Experiences of an American woman who was married to a Serb.

Saturday, October 30, 2010

In Honor of Branko Grgurev

Sometimes, even to this day, in Zadar Croatia where my husband grew up, small but poisonous enmities between Croats and Serbs permeate everywhere, even when you're not expecting them. As a Serb, you must always be at least slightly on your guard.

Except with our friend Branko.

Branko, a son of one of Zadar's most ancient Croatian families, was the only Croatian friend who kept up with my husband after he fled to Serbia as a refugee during the civil war. "He telephoned me when no one else would, he called me in Sombor!" my husband exclaimed.

Later, when Branko found work supervising a factory in Italy, he spent his Euros on driving all the way home nearly every weekend to visit his widowed mother in Zadar ... and to keep calling his friends no matter where in the world they had ended up.
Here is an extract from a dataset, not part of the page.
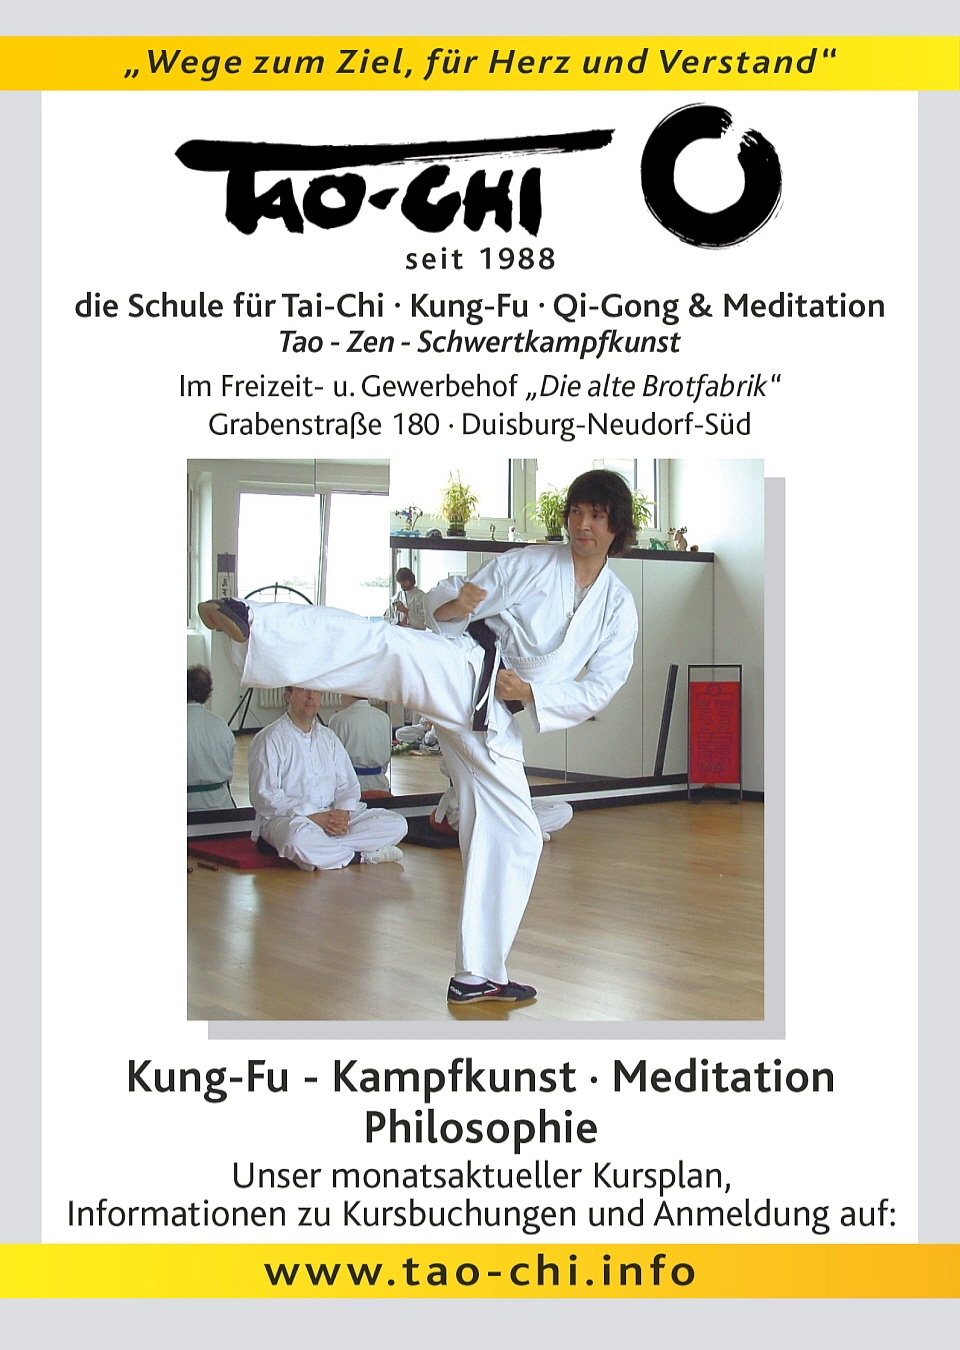 Shaolin Kung-Fu im Dojo des Tao-Chi Duisburg

Finally, when my husband met me in America and we decided to get married, Branko was our sole friend from the Balkans who agreed to fly over from the ceremony (even though we offered to pay for several other people's tickets.) Branko not only danced at our wedding, in a gorgeous new Italian suit bought specially for the occasion, he was the best man.

Early this morning in Zadar, Branko died. He was not yet 50.

This evening with candles lit and wine flowing, we paid tribute to him. We each told stories of the Branko we loved. The man who was shy with women, but adored heavy metal music. The man who knew the toughest people in Zadar, but fed dozens of stray cats in the alley outside his flat in Italy. The man who knew to the millimeter how far a few drops of petrol would allow him to drive around town in his red Fiat. The man who could, with a bit of red wine, make the most delicious mussels anyone's ever tasted. And, the man who was infamous in 1981 for making a joint so large it required 16 rolling papers... plus, he flew his Zadar buddies up to Belgrade for one amazing weekend at his own expense so they could partake of it with him.

That's the kind of guy Branko was. A good son, an even better friend. The guy who would help create the good times and then stand steadfastly at your back during the bad ones.

We will miss him.

5 comments:

Mary L said...

So sorry for your loss.

Mario said...

Shocking and sad story on All Saint's Day. I can appreciate Branko's help to your husband in the vitriolic postwar Croatia. Yet another bad example was given recently in Sabor by HDZ Seks attacking medical doctor, SDP member of Serbian origins. Once upon a time YU was just like USA appart from single party politics.

Gordo said...

Our condolences to you and your friends' family.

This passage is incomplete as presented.